5. März 2020
Kleine Zelle – große Coverstory
IST Austria-ForscherInnen bauen Zellteilungsmaschinerie nach und entschlüsseln Proteinfunktion – Studie erscheint als Coverstory von Nature Microbiology
Durch den Nachbau von Teilen der Zellteilungsmaschinerie fanden BiologInnen vom Institute of Science and Technology Austria (IST Austria) die Antwort auf eine im Bereich der bakteriellen Physiologie schon lange im Raum stehenden Frage: Wenn sich eine Bakterienzelle in zwei identische Tochterzellen teilt, muss sich die sie umgebende Zellwand derart verformen, dass sie sich nach innen einschnüren kann – wie aber wird diese Verformung gesteuert und kontrolliert? Die Studie erschien als Coverstory in der März 2020-Ausgabe von Nature Microbiology.
WissenschafterInnen nehmen an, dass bei Bakterien rund 20 verschiedene Proteine als Organisationseinheiten der Zellteilungsmaschinerie die Verformung der Zellwand während der Teilung koordinieren, darunter das so genannte Tubulin FtsZ. Um die Funktion von FtsZ näher zu untersuchen, bauten Postdoc Natalia Baranova und PhD-Student Philipp Radler aus der Forschungsgruppe um Professor Martin Loose am IST Austria Teile der Zellteilungsmaschinerie Baustein für Baustein nach. Dadurch gelang es ihnen, Details darüber herauszufinden, wie die FtsZ-Filamente die Verteilung von Enzymen, die die Zellwand aufbauen, regeln und so für einen reibungsfreien Ablauf der Zellwand-Einschnürung sorgen. Eine detaillierte Beschreibung der Mechanismen der bakteriellen Zellteilung ist unter anderem im Zusammenhang mit der Entwicklung neuer Antibiotika von großer Bedeutung.

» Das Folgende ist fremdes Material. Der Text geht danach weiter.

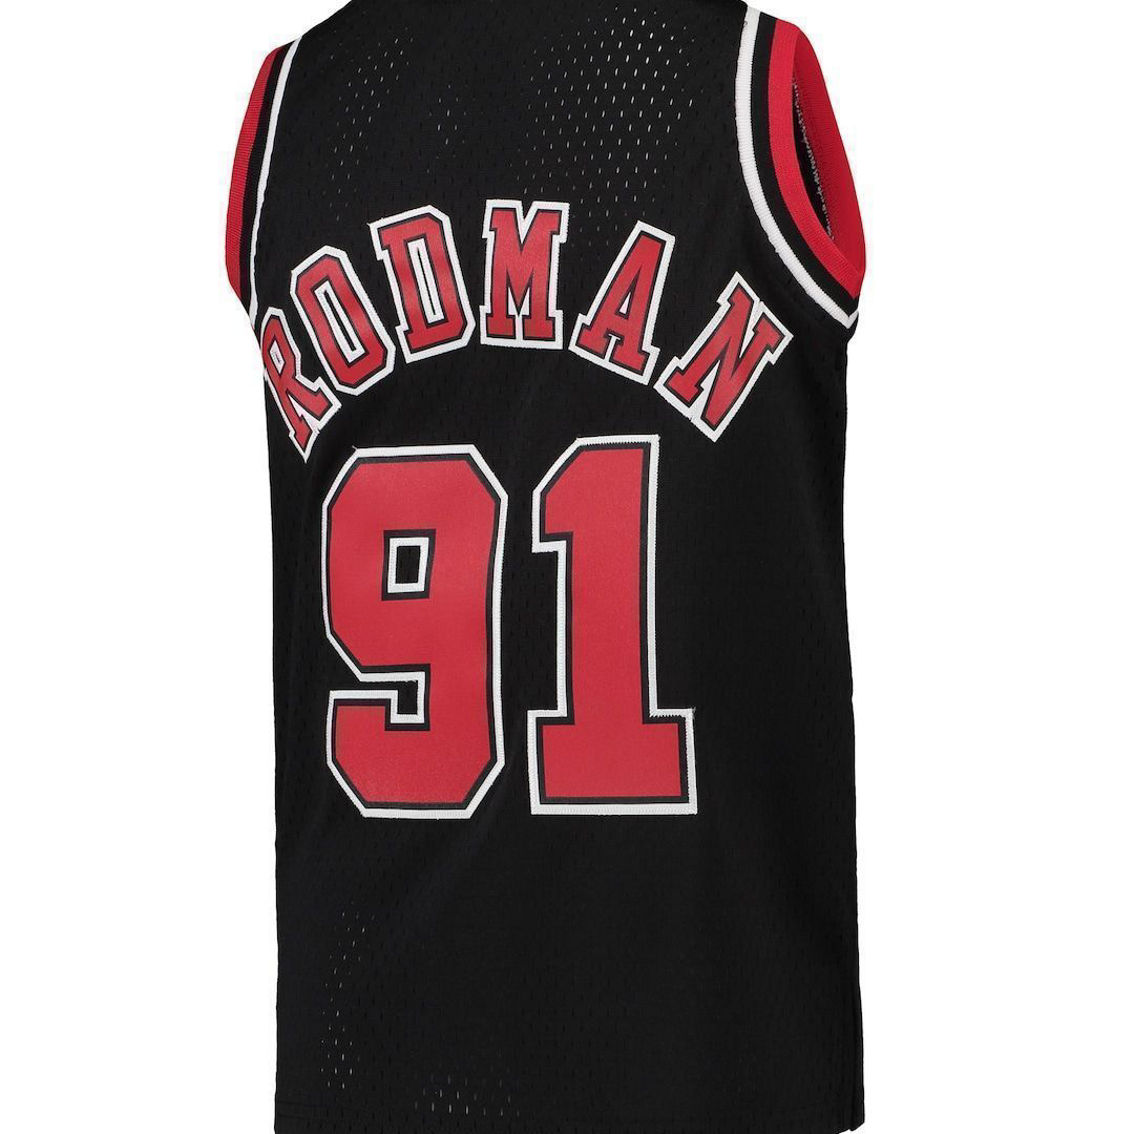  Mitchell & Ness Dennis Rodman Chicago Bulls NBA Throwback HWC  Jersey - Red : Sports & Outdoors
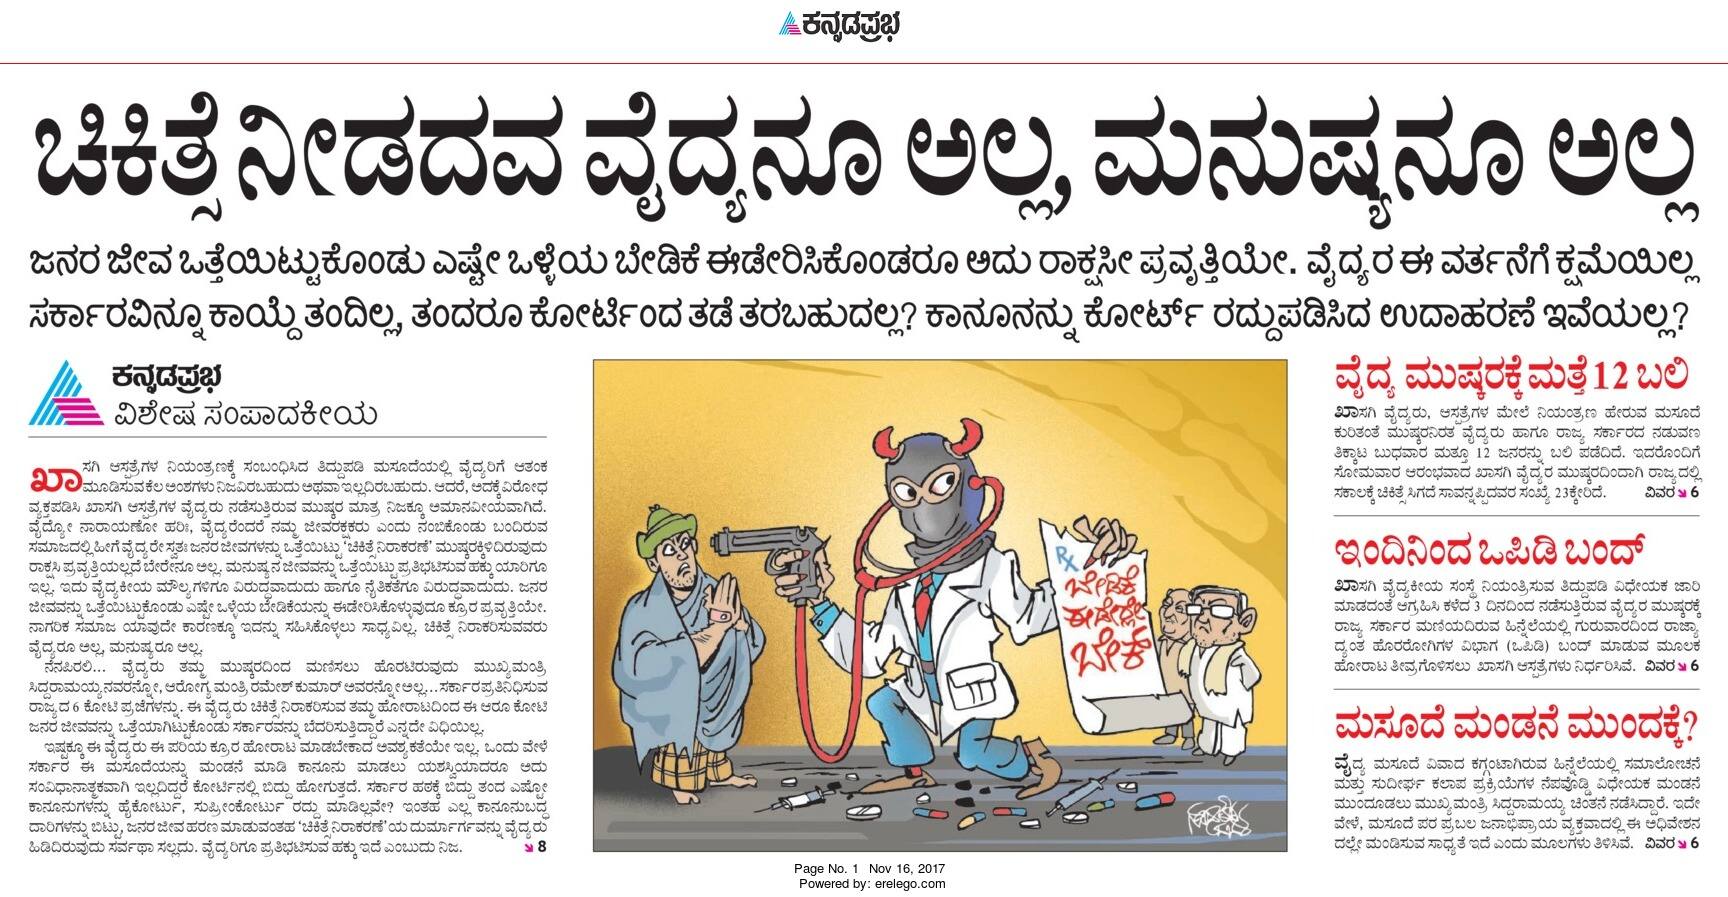 Kannadaprabha Editorial on Doctors Strike Gets Praises

Natalia Baranova, Erstautorin der Studie mit einem PhD in Biophysik vom Center of Cooperative Research in Biomaterials (CIC bomaGUNE), Spanien, über ihren Forschungsansatz: „Ich baue biologische Konstrukte aus einzelnen Bausteinen nach. Die meisten meiner Nachbildungen bestehen aus mehreren verschiedenen Bausteinen, die sich gegenseitig beeinflussen, sich selbst organisieren oder zusammensetzen können. Dadurch entsteht ein überaus komplexes Experimentierfeld, durch das ich mich bewege und in dem ich jeden einzelnen Baustein nach Bedarf justieren kann. Daraus können wir dann Informationen über die mechanischen Abläufe biologischer Prozesse ableiten, was in der lebenden Zelle sehr schwierig ist.“
Philipp Radler, der 2017 zur Loose-Gruppe stieß und sein Masterstudium der Molekularbiologie an der Universität Salzburg absolviert hat, fügt hinzu: „Hochkomplexe, molekulare Maschinerien wie das Divisom, ein Proteinkomplex der bakteriellen Zellteilung, in seine Bestandteile zu zerlegen und deren molekularen Wechselwirkungen zu beschreiben, ist unglaublich faszinierend. Unsere Ergebnisse helfen, diese komplexen Vorgänge besser zu verstehen.“
Was sehen wir am Coverbild?
Natalia: „Wir haben uns angeschaut, wie sich einzelne Moleküle der Zellteilungsmaschinerie in einer künstlichen Zellmembran verhalten. Unter dem Fluoreszenzmikroskop können wir dieses Verhalten mittels einer automatisierten Tracking-Software nachzeichnen. Auf dem Bild sieht man die Spuren von Peptiden und Proteinen, genauer gesagt einzelne FtsN-Peptide, die mit FtsZ-Filamenten interagieren.“
In einem Blogpost für die Website der Nature Research Microbiology Community beschreibt Natalia im Detail, wie sie und ihre KollegInnen vom IST Austria sowie aus Großbritannien und Spanien im Zuge dieser Studie die Zellteilung von Bakterien untersucht haben.
Publikation
Natalia Baranova, Philipp Radler, Víctor M. Hernández-Rocamora, Carlos Alfonso, Mar López-Pelegrín, Germán Rivas, Waldemar Vollmer & Martin Loose. 2020. Diffusion and capture permits dynamic coupling between treadmilling FtsZ filaments and cell division proteins. Nature Microbiology. DOI: 10.1038/s41564-019-0657-5
Förderinformation
Der IST Austria-Teil der Studie wurde durch Fördermittel des European Research Council (ERC-2015-StG-679239), aus dem Human Frontier Science Program (HFSP LT 000824/2016-L4) sowie der European Molecular Biology Organization (EMBO ALTF 1163-2015) ermöglicht.